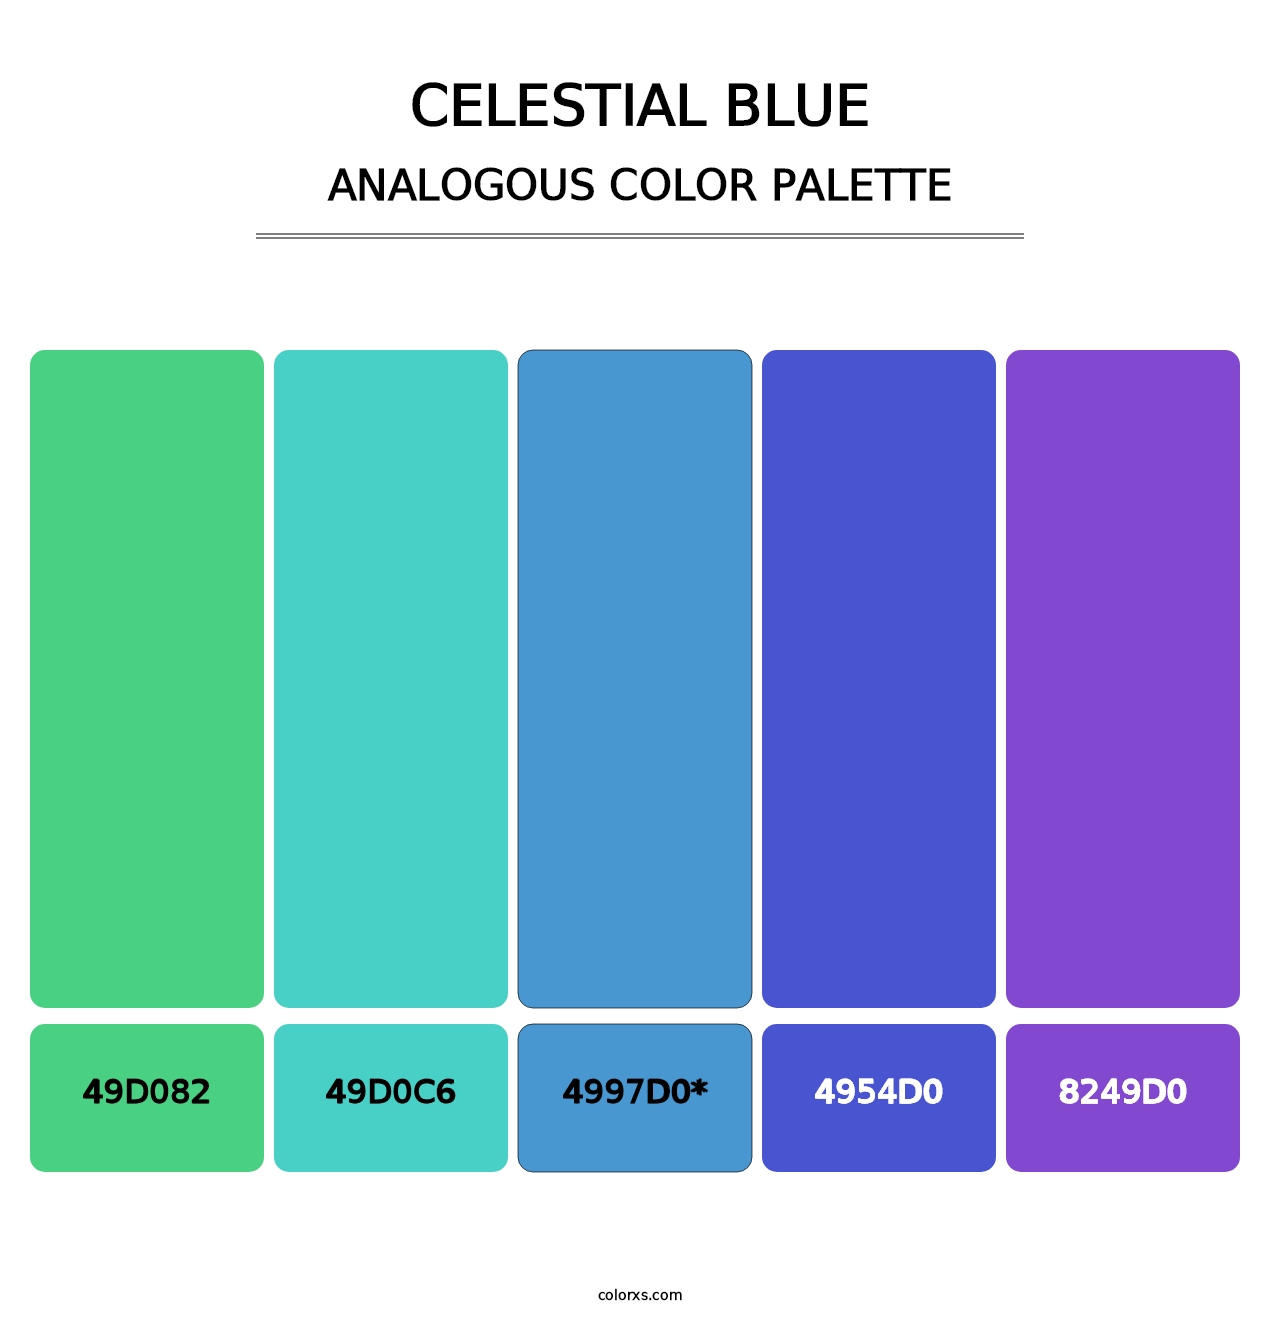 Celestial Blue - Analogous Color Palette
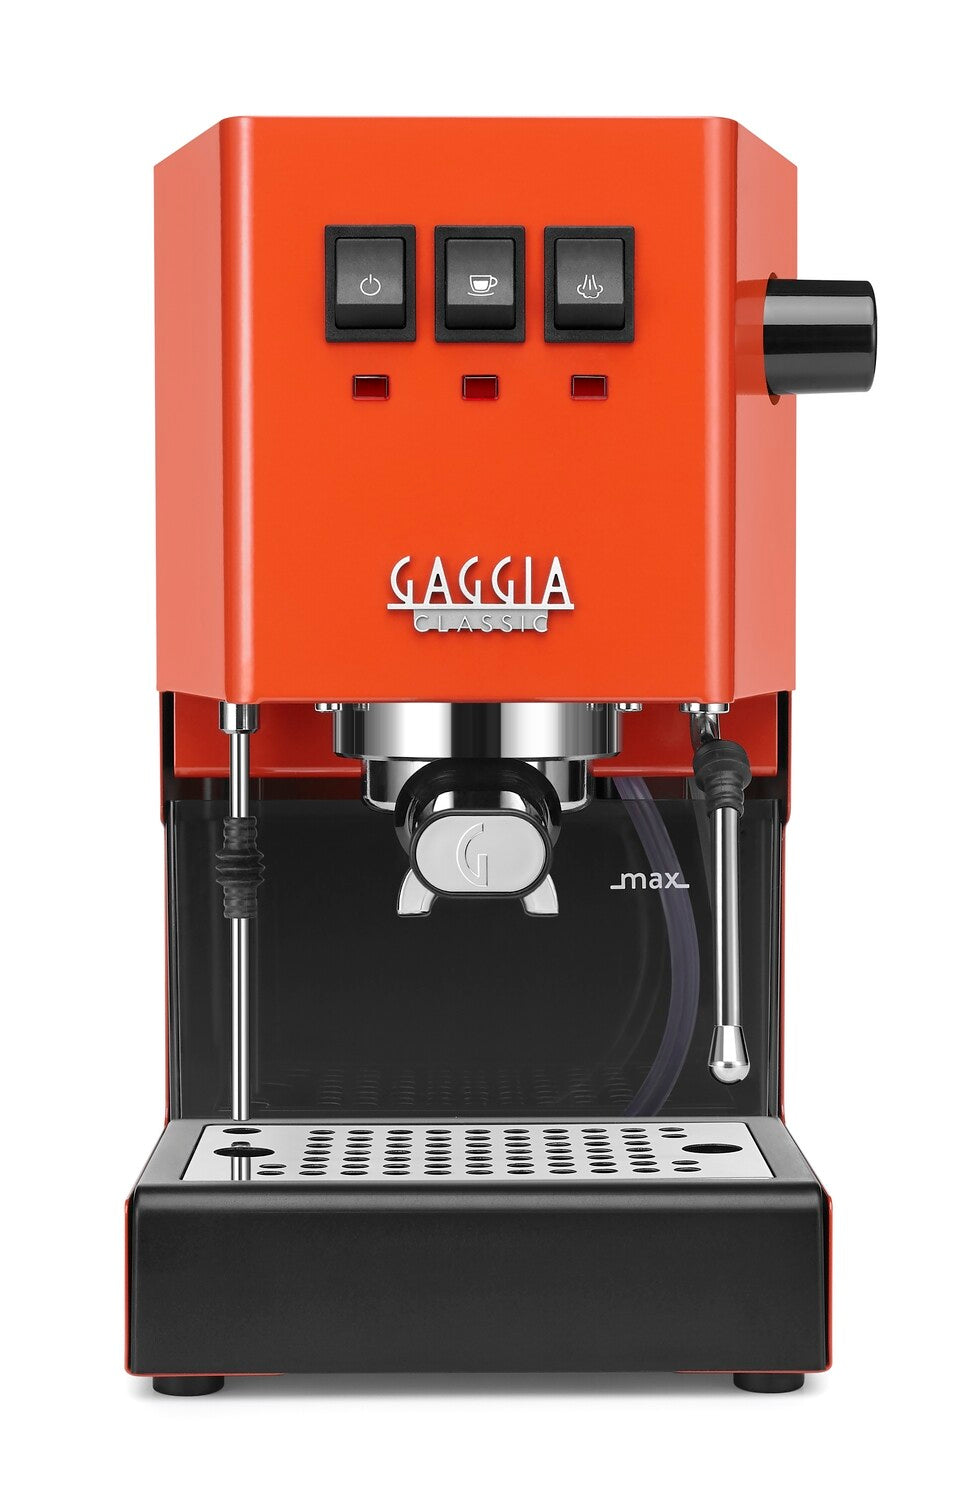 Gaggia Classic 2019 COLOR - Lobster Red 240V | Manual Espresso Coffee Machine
==
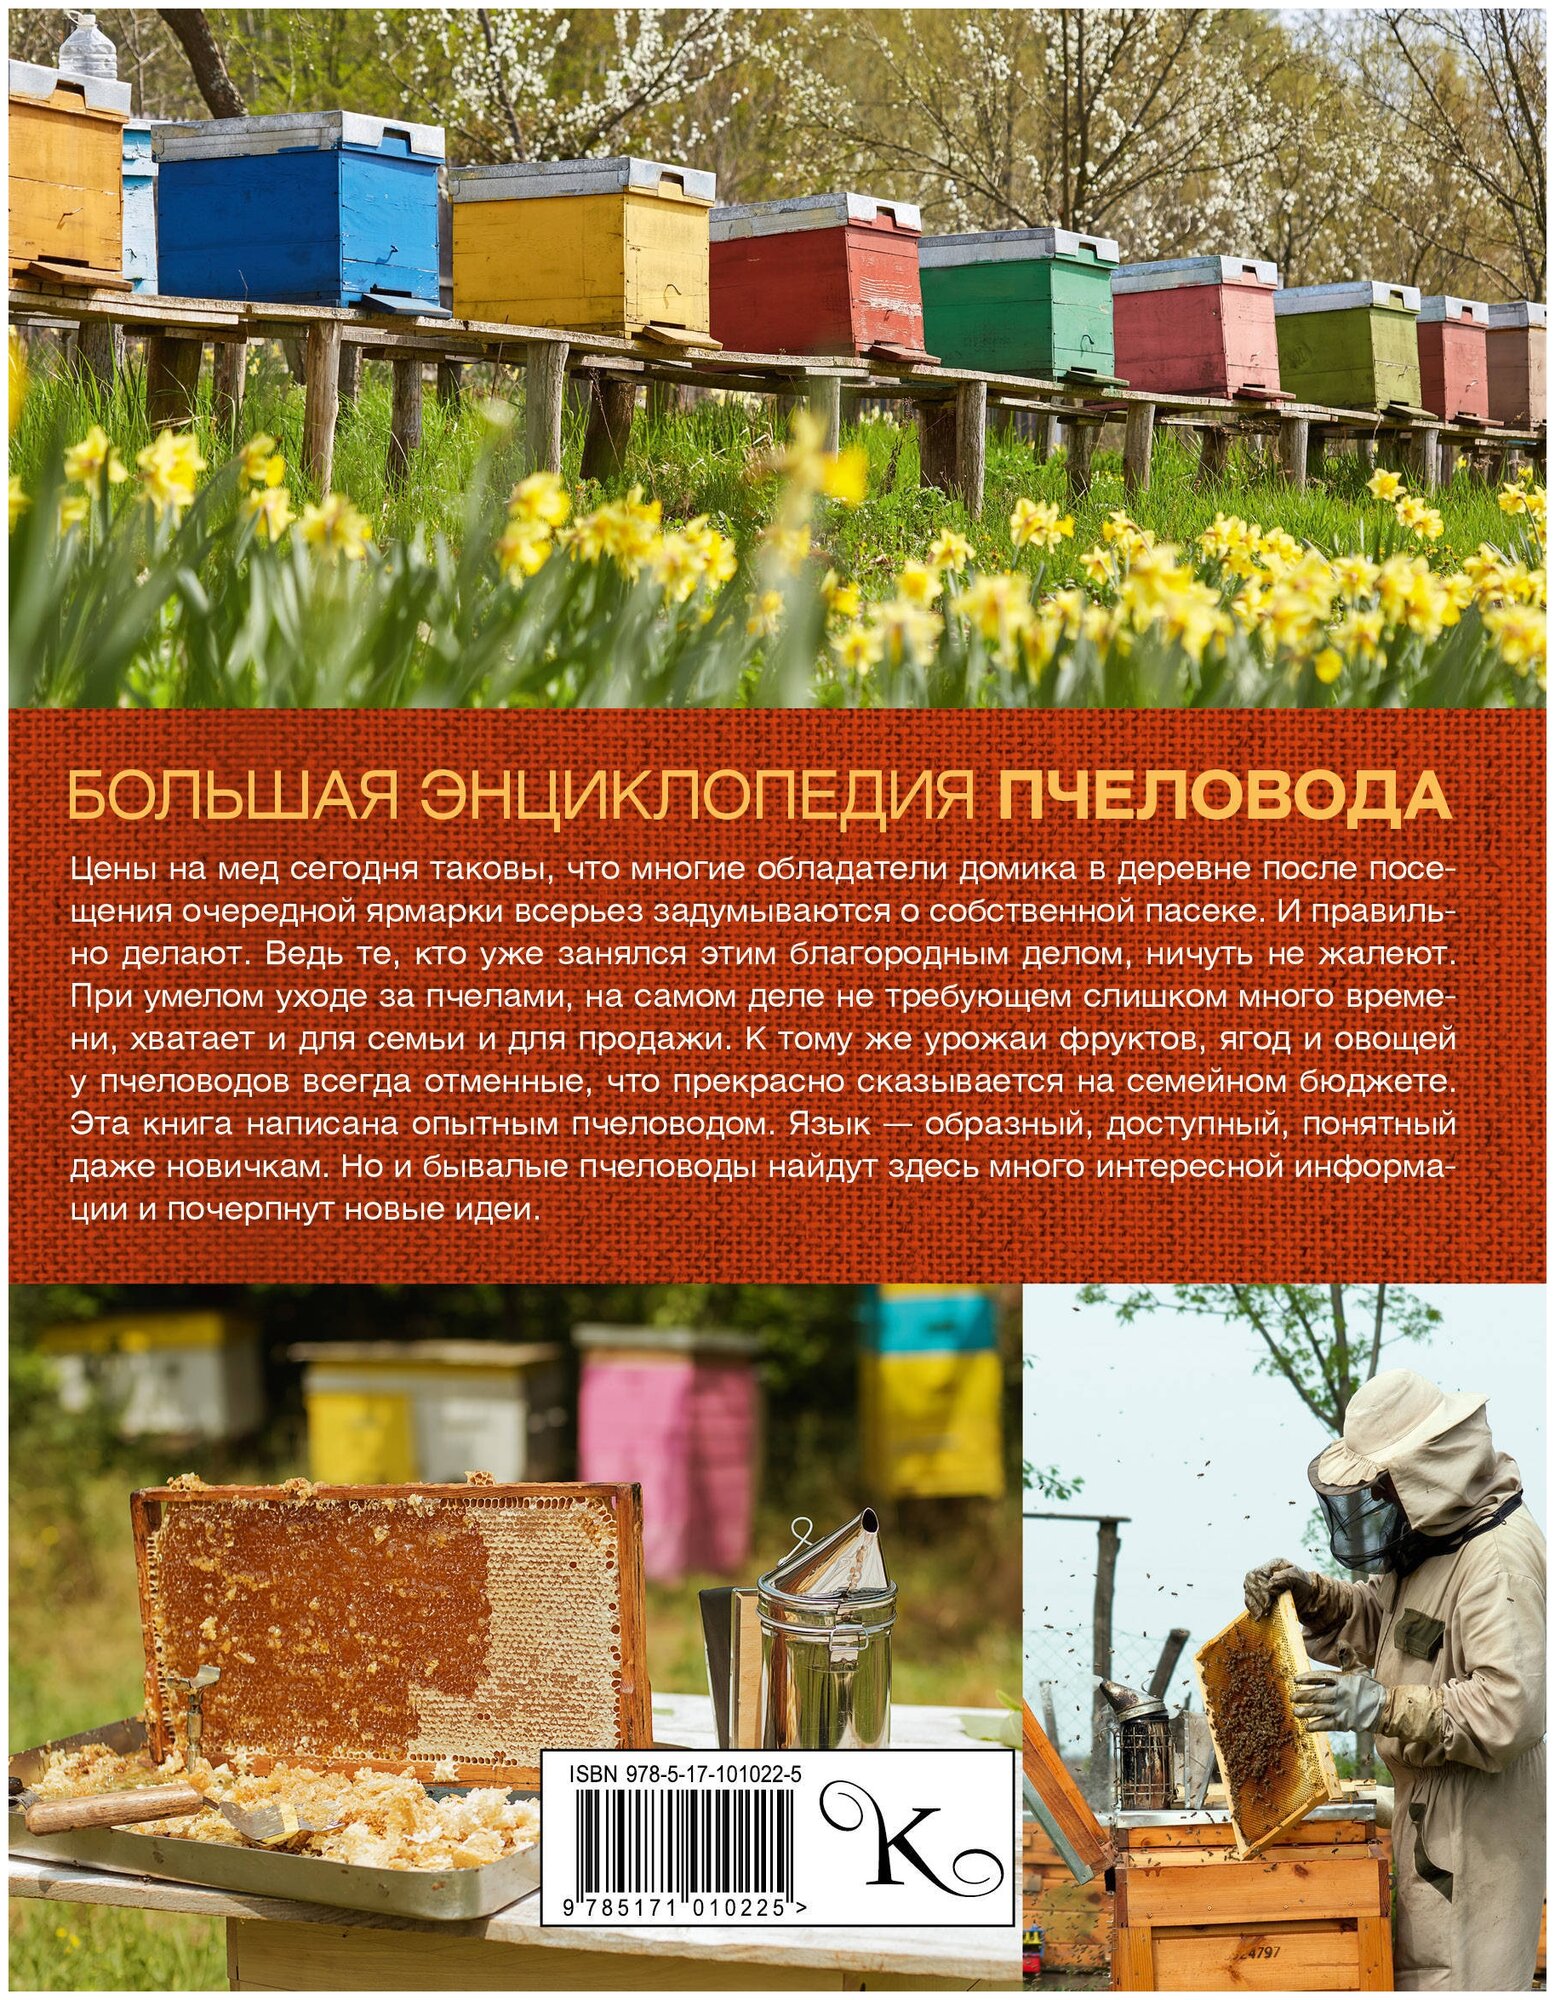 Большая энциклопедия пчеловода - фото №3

| Work request |
Lines wanted from the entries above: the one with "Celestial Blue - Analogous Color Palette", the one with "Gaggia Classic 2019", and all lines between. Please copy them exactly, without the pictures and without anything else.

| Your response |
 Celestial Blue - Analogous Color Palette
 Gaggia Classic 2019 COLOR - Lobster Red 240V | Manual Espresso Coffee Machine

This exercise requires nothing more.